Gestern haben wir hier – eher kurz – schon über die geologischen Erkenntnisse eines iranischen Geistlichen zum Zusammenhang zwischen Sexyklamotten und Erdbeben nachgedacht, heute fordert die US-amerikanische Bloggerin Jen McCreight die Frauen der Welt dazu auf, die Theorie doch mal im Experiment zu testen.

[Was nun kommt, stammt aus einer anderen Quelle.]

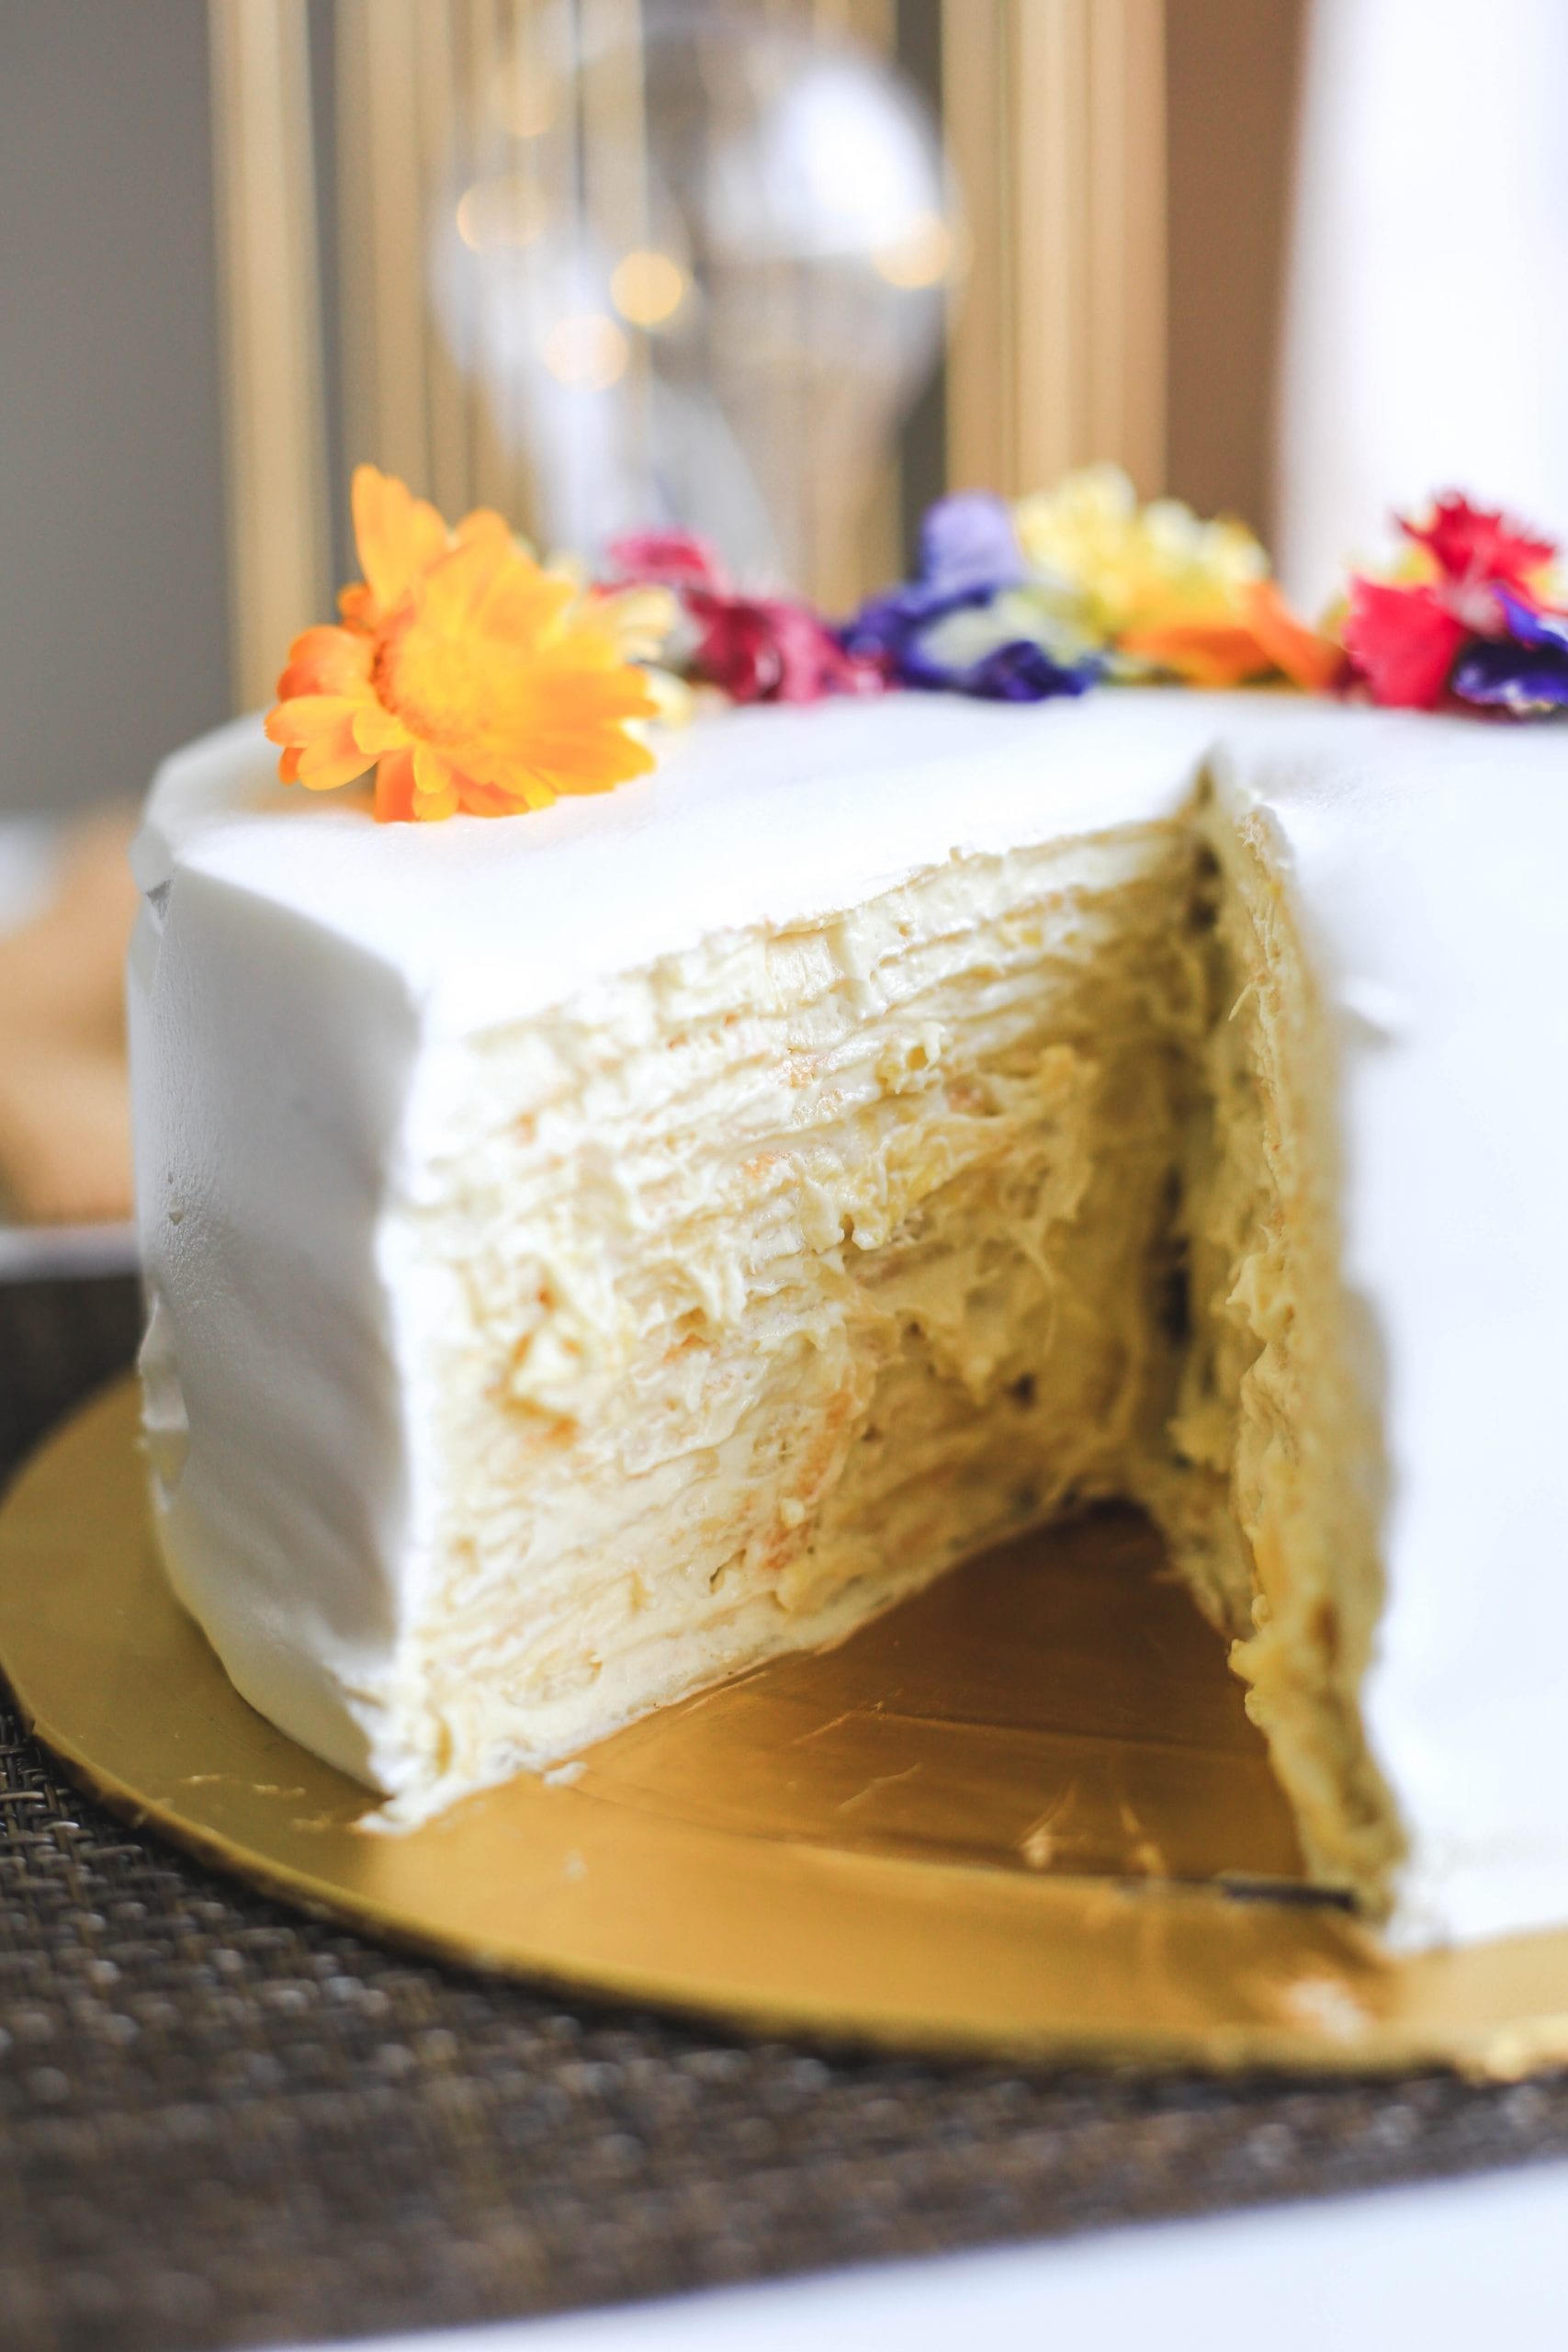 Musang King Durian Cake – The Ichhong

Im Namen der Wissenschaft will sie am Montag, den 26. April ihr weitestes Dekolleté tragen – und wenn genügend Frauen mitmachen, wackelt vielleicht die Erde:
Time for a Boobquake.
On Monday, April 26th, I will wear the most cleavage-showing shirt I own. Yes, the one usually reserved for a night on the town. I encourage other female skeptics to join me and embrace the supposed supernatural power of their breasts. Or short shorts, if that’s your preferred form of immodesty. With the power of our scandalous bodies combined, we should surely produce an earthquake. If not, I’m sure Sedighi can come up with a rational explanation for why the ground didn’t rumble. And if we really get through to him, maybe it’ll be one involving plate tectonics.
So, who’s with me? I may be a D cup, but that will probably only produce a slight tremor on its own. If you’ll be joining me on twitter, use the tag #boobquake! Or join the facebook event!
Toll wäre es natürlich, wenn Frauen im Iran auch die Möglichkeit hätten, mitzumachen oder dem Herrn Sedighi wenigstens den nackten Mittelfinger zeigen könnten, ohne Angst vor Repressionen zu haben, siehe unten. Tatsächlich kann ja eine Masse von Miniröcken in Deutschland oder den USA nicht mal zehn Prozent der Empörung und Unruhe auslösen, die ein halbnackter Frauenarm im Iran und anderen streng-islamischen Ländern erzeugt.
Das ist ein paar Gedanken wert – die Aktion ist aber trotzdem ganz schön lustig. Und vielleicht blitzen ja ein paar Teheranerinnen mit der Fußsohle oder dem Handgelenk.